_Data below:_
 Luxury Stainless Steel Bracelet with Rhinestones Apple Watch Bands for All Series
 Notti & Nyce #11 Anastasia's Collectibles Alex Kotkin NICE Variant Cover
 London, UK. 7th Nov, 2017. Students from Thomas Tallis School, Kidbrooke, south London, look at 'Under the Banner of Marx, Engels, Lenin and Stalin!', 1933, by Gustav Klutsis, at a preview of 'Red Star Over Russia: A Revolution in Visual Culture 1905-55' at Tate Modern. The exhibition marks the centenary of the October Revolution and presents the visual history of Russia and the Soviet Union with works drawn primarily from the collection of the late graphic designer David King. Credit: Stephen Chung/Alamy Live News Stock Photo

_Exercise aim:_
When a line in the data holds the word "with", show that line.

_Answer space:_
 Luxury Stainless Steel Bracelet with Rhinestones Apple Watch Bands for All Series
 London, UK. 7th Nov, 2017. Students from Thomas Tallis School, Kidbrooke, south London, look at 'Under the Banner of Marx, Engels, Lenin and Stalin!', 1933, by Gustav Klutsis, at a preview of 'Red Star Over Russia: A Revolution in Visual Culture 1905-55' at Tate Modern. The exhibition marks the centenary of the October Revolution and presents the visual history of Russia and the Soviet Union with works drawn primarily from the collection of the late graphic designer David King. Credit: Stephen Chung/Alamy Live News Stock Photo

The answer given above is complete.